I am a little confused about the 'Relay Host' parameter. What exactly does ASSP 
do with this switch as far as its behavior is concerned?

I was using ASSP with very good success in front of an Exchange server which 
uses an ISP that requires a smarthost (port 25 outbound blocked). In that 
config it correctly proxy's my isp's smarthost for my exchange server.

Now I must configure another setup which doesn't use a smarthost (in that 
sense), so the Linux server that is running ASSP will have Postfix on it to 
route external mail.

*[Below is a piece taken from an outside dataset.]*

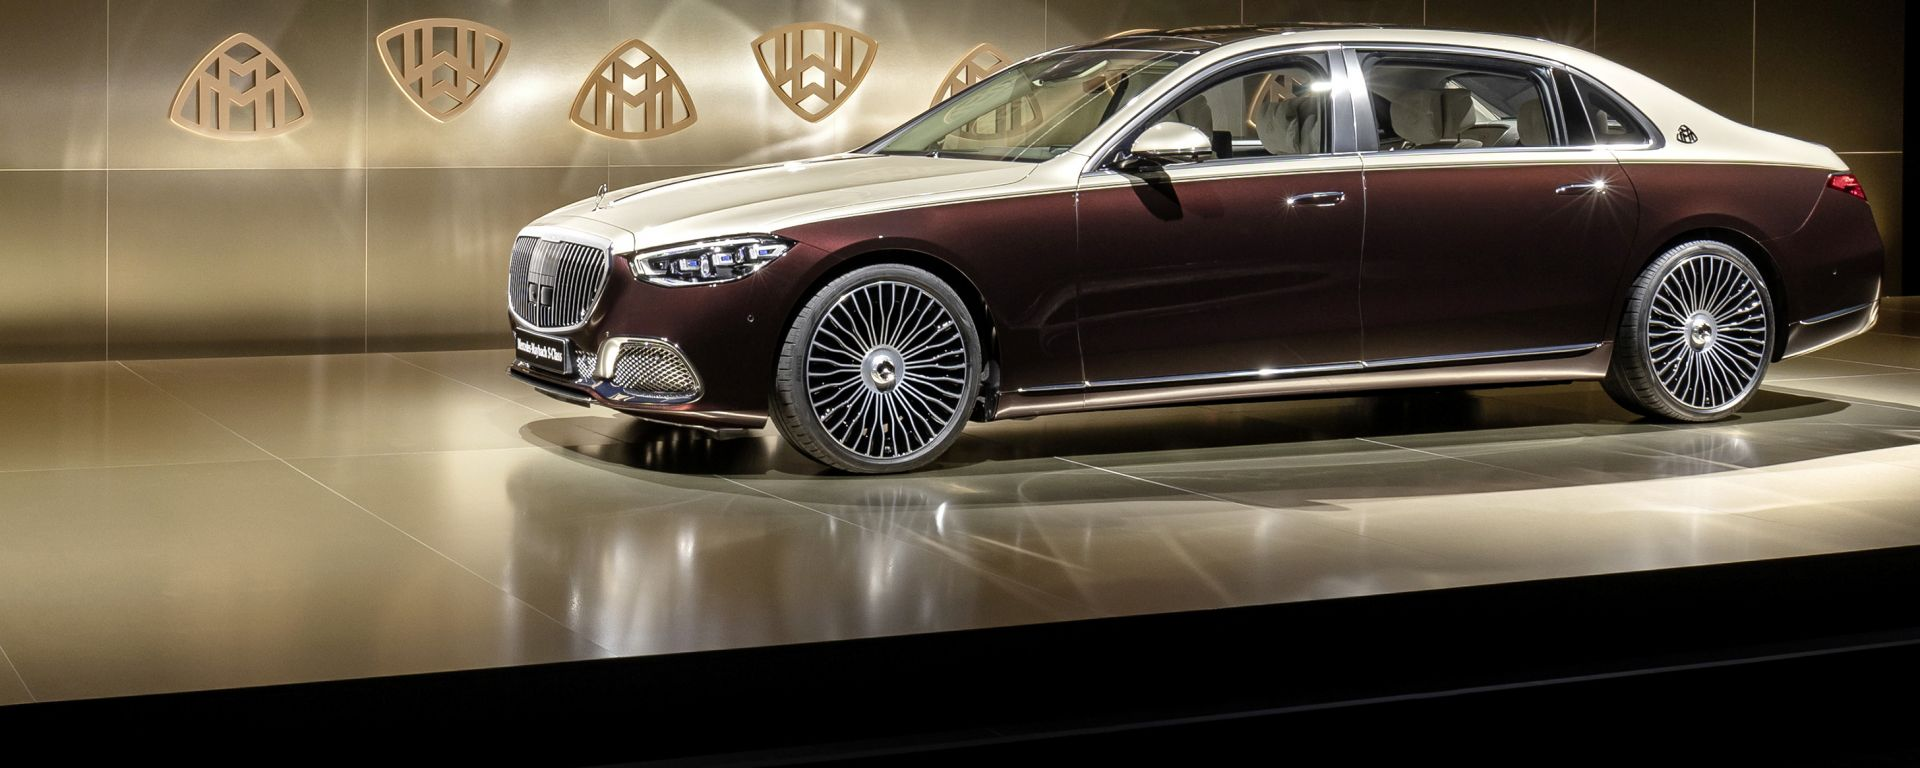 Nuova Mercedes-Maybach Classe S, lusso all'ennesima potenza
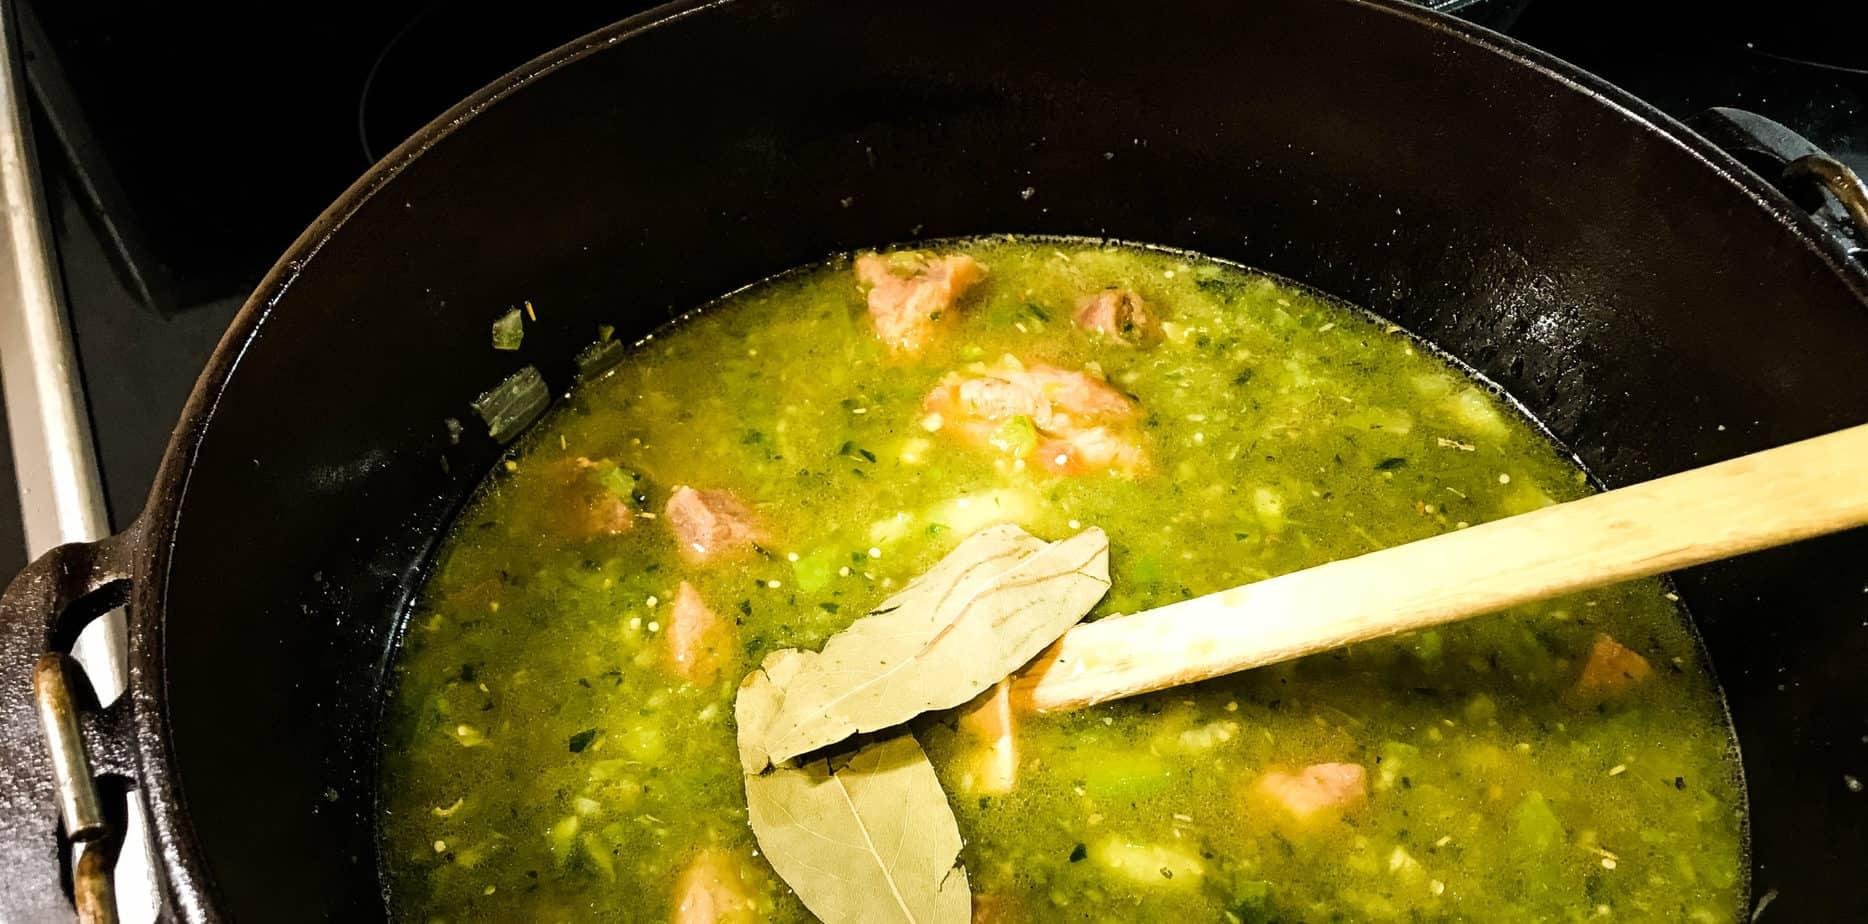 chili verde prepared in cast iron pot

Looking at the flow diagrams, I believe to leverage all of 
ASSP's features, I will need the following:

Client -> Exchange -> ASSP -> Postfix -> internet
And
Internet -> ASSP -> Postfix -> Exchange
*or*
Internet -> ASSP -> Exchange

Postfix is listening on 10025, when I telnet to x.x.x.x:10025 I see the Postfix 
banner and when I telnet to x.x.x.x:25 I also see it (I recon this is correct).

I have the following configured:
Network Setup -> SMTP Listen Port -> 25
Network Setup -> SMTP Destination -> 127.0.0.1:10025
If I understand correctly, incoming mail will See ASSP and transfer to Postfix 
here which will route to my exchange server.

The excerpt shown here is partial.